Retired Boulder Police Detective Bob Whitson told Cold Case that “there may have been some evidence on the duct tape if that wasn’t removed.”
A suitcase placed underneath a broken basement window
When John and a friend searched the house, they noticed an open and broken window in the basement. He told the Netflix series that he broke that same window the previous year after losing his keys, but remembered getting the glass fixed. Underneath the window, they saw a suitcase.
“The suitcase shouldn’t have been there,” John said in Cold Case. “It was set there like it was a step because the window was fairly high … you needed a ladder or a stepstool or something to get up through it.”
A piece of rope found in the guest bedroom
In a guest bedroom next to JonBenét’s room, a piece of rope was found that Lou Smit, a detective who came out of retirement to help the Boulder police with the murder investigation, alleged did not belong to the Ramseys.

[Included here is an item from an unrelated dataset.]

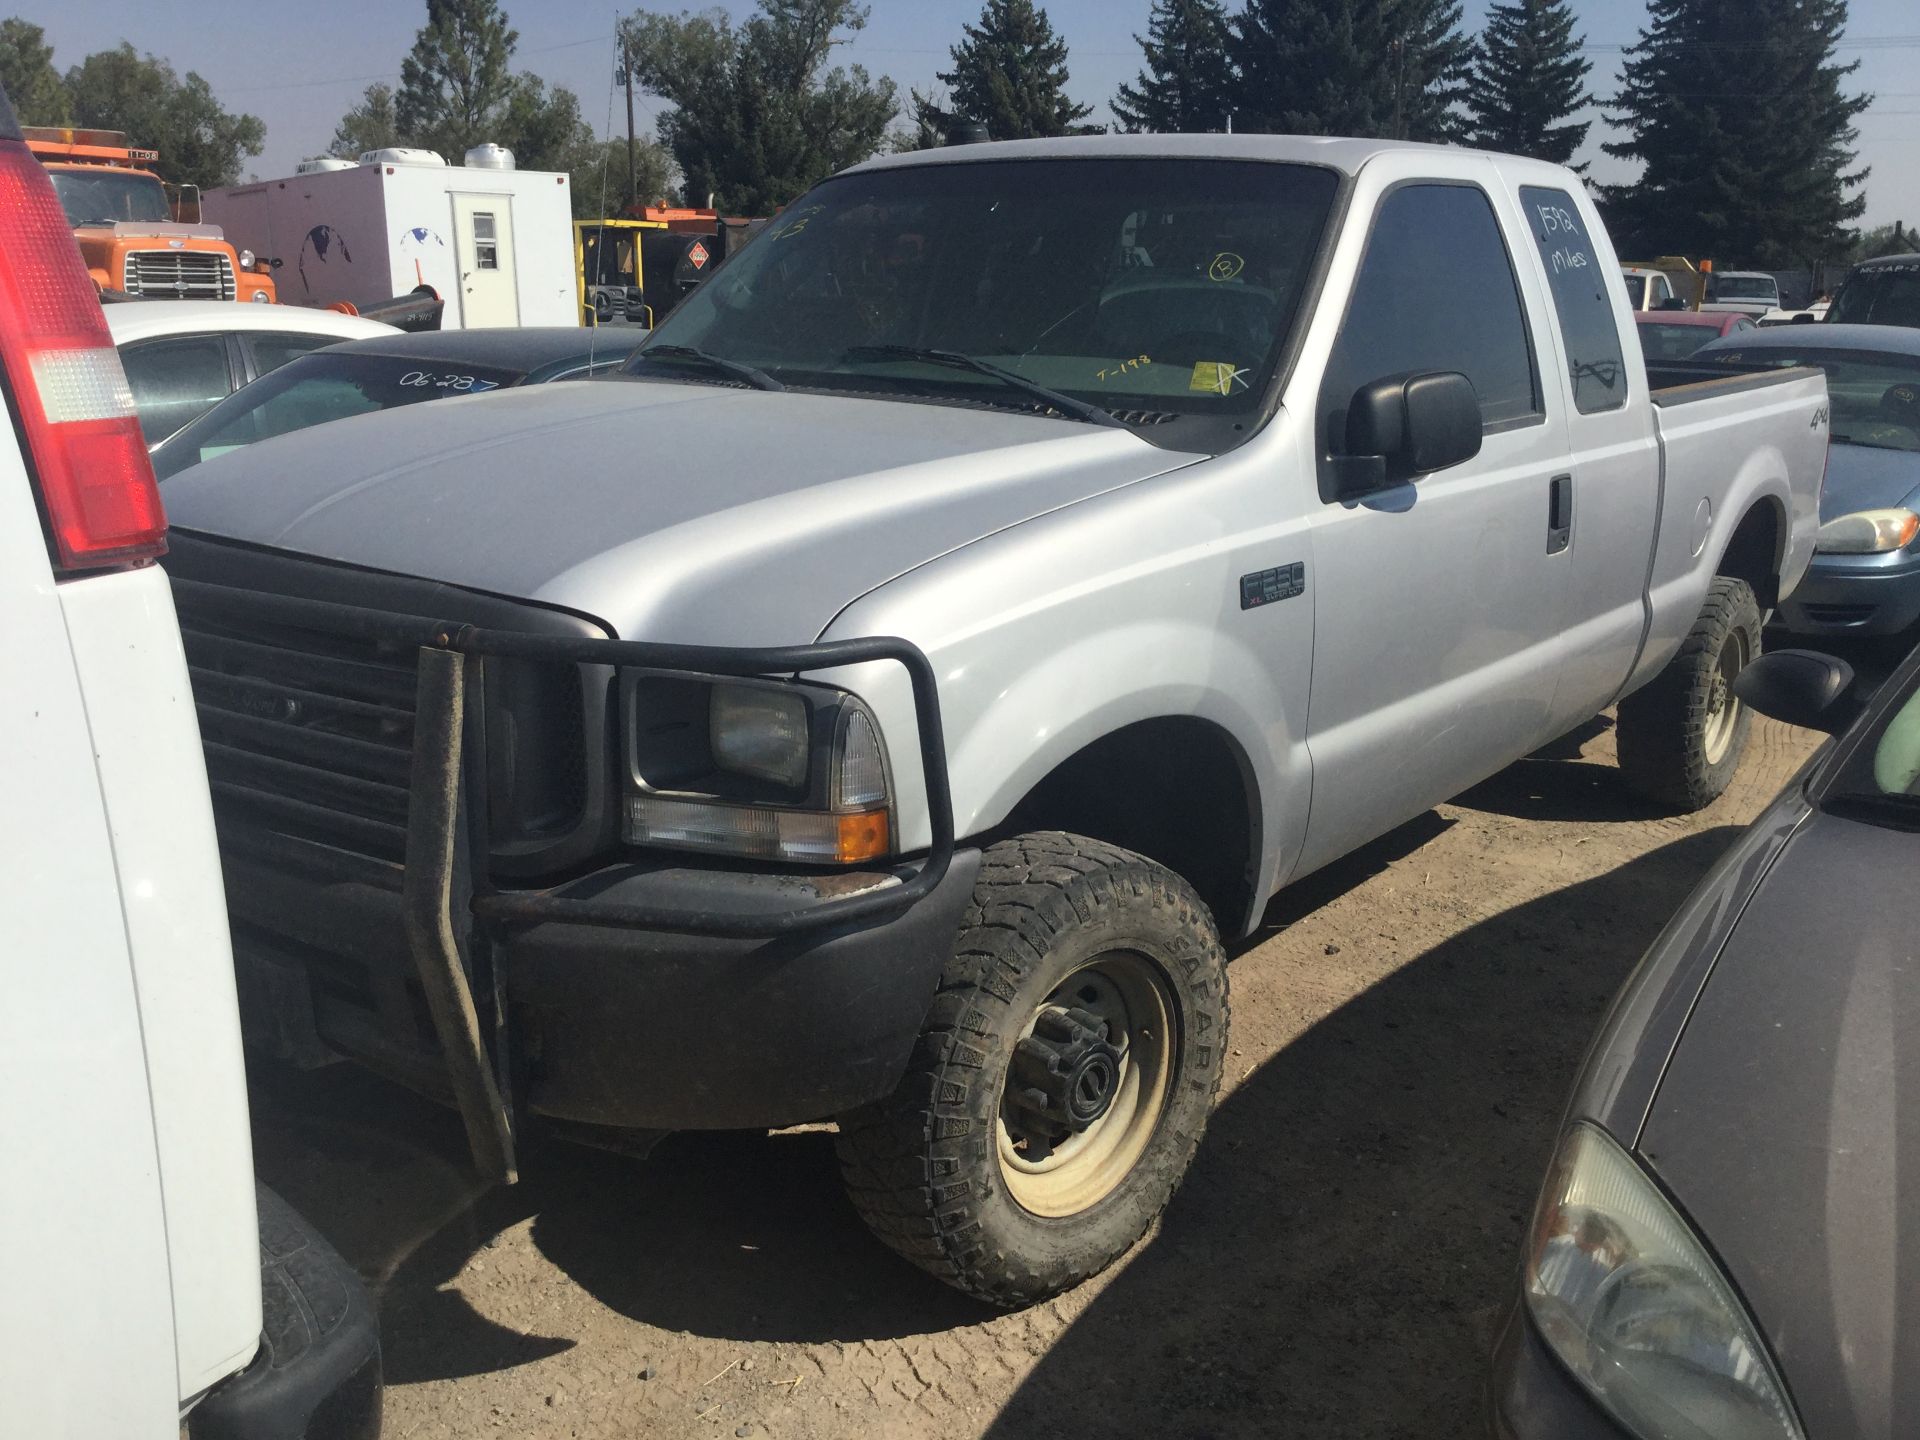 Year: 2004 Make: Ford Model: 3/4T Type: Pickup Vin#: C00756 Mileage/Hours: 186666 5.4L, 4x4, 6 spd,

“Nobody in the Ramsey family can identify it,” he said in a previously recorded video diary featured in Cold Case. “It is a possibility that the … intruder could’ve taken that in with him also to use as binding and just left it up there.”
Smit died at age 75 in 2010, according to The New York Times.
An unidentified bootprint in the basement near where JonBenét was found
The Daily Camera reported in 2000 that police found a partial footprint in the Ramsey basement with the words “Hi Tec” in it. No one in the family owned a similar shoe.
Ollie Gray, a private detective hired by the Ramseys, told the Colorado paper that he gave police a pair of Hi-Tec boots so they could compare them against the prints. Then-Boulder Police Chief Mark Beckner told The Daily Camera, “If you look at them, they look pretty close. You really can’t tell.”
Boulder Police have not confirmed if the boots did indeed match.
In Cold Case, Smit also claimed that there was “a faint impression of possibly a footprint” on top of the suitcase found under the basement window.